Thursday, June 22, 2006

SpaceShipOne, model airplane


Jeff Foust has some excellent commentary on yesterday's second anniversary of SpaceShipOne's first commercial spaceflight.

Meanwhile, I've been learning about the world's first homebuilt spaceship's roots in model airplanes. Burt Rutan, the ship's designer, has spoken of finding his best workers for SpaceShipTwo from among the ranks of model airplane builders rather from the traditional aerospace industry, and no wonder.

SpaceShipOne can trace a direct line of ancestry from the model airplanes Rutan built as a grade-schooler in the 1950s. In fact the very name of Rutan's company, Scaled Composites, comes from the concept of building scale models of bigger airplanes out of composites made of fiberglass and other high-strength cloth and glue--materials dedicated amateurs used to build Rutan's first airplane designs in their garages.

No, as Jeff sadly points out in his commentary, you still can't fly an X Prize class ship into space. But you can fly its tiny cousins, and a hell of a lot more cheaply.

Check out Dan Kreigh's WildRC.com for some eye-popping videos of these little machines whirling around in the Scaled hangar in Mojave California, and then if you're inspired, pick one up for just a couple hundred bucks.

Kreigh is a structural analyst at Scaled. Along with other work on SpaceShipOne, he designed and applied the spray-of-stars pattern on the spaceship's nose. And he builds and sells radio controlled model airplanes of the same carbon fiber construction as the spaceship itself.
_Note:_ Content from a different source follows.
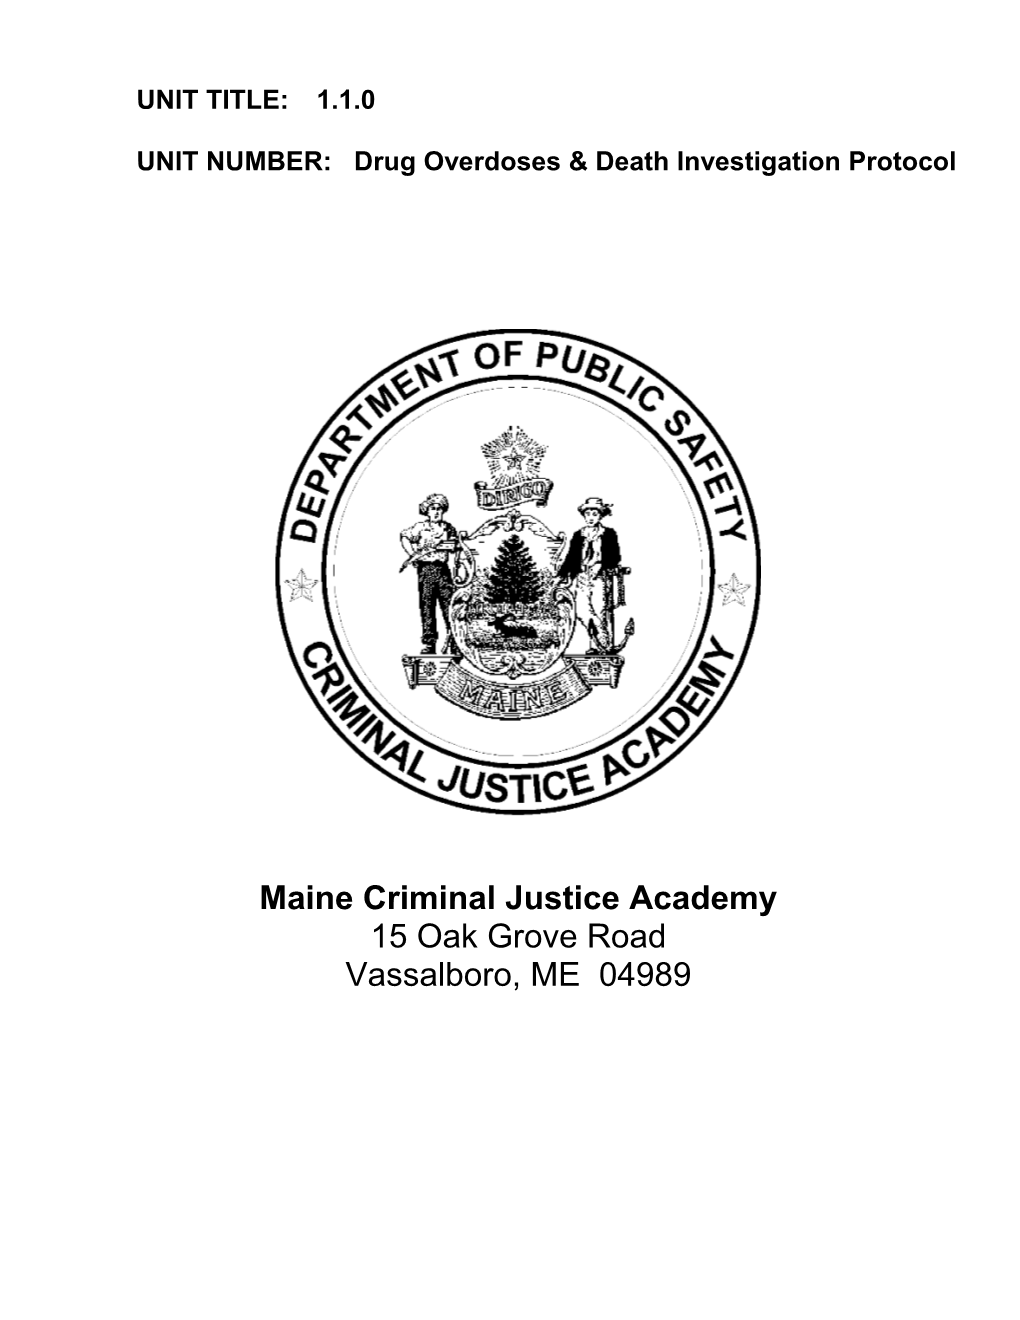 UNIT NUMBER: Drug Overdoses & Death Investigation Protocol

Kreigh reports, however, that the one-of-a-kind model of SpaceShipOne pictured above is not for sale.

Wednesday, June 07, 2006

Bigelow on COTS

Receiving money from NASA's new Commercial Orbital Transportation Services (COTS) program will disqualify a company from winning Robert Bigelow's America's Space Prize, Bigelow confirmed for me yesterday.

Under COTS, NASA has allocated $500 million to be spent over five years to help entrepreneurial space companies develop spaceships that can send crew and/or cargo to the International Space Station. The space agency is expected to select companies to receive the first installment of this money by summer's end.

Robert Bigelow also has a vested interest in helping private enterprise reach orbit; he expects to launch the first commercial space station, now under development in North Las Vegas, by 2012.

But he doesn't have a way to get people and supplies there, which is why he launched his $50 million America's Space Prize in 2004 for the first private spaceship capable of docking with an orbital outpost.

America's Space Prize is not compatible with COTS, however. "One of the conditions of that was that federal money would not be allowed into that program," Bigelow told me of his prize. And that includes COTS money. "I still think that rule helps to level the playing field."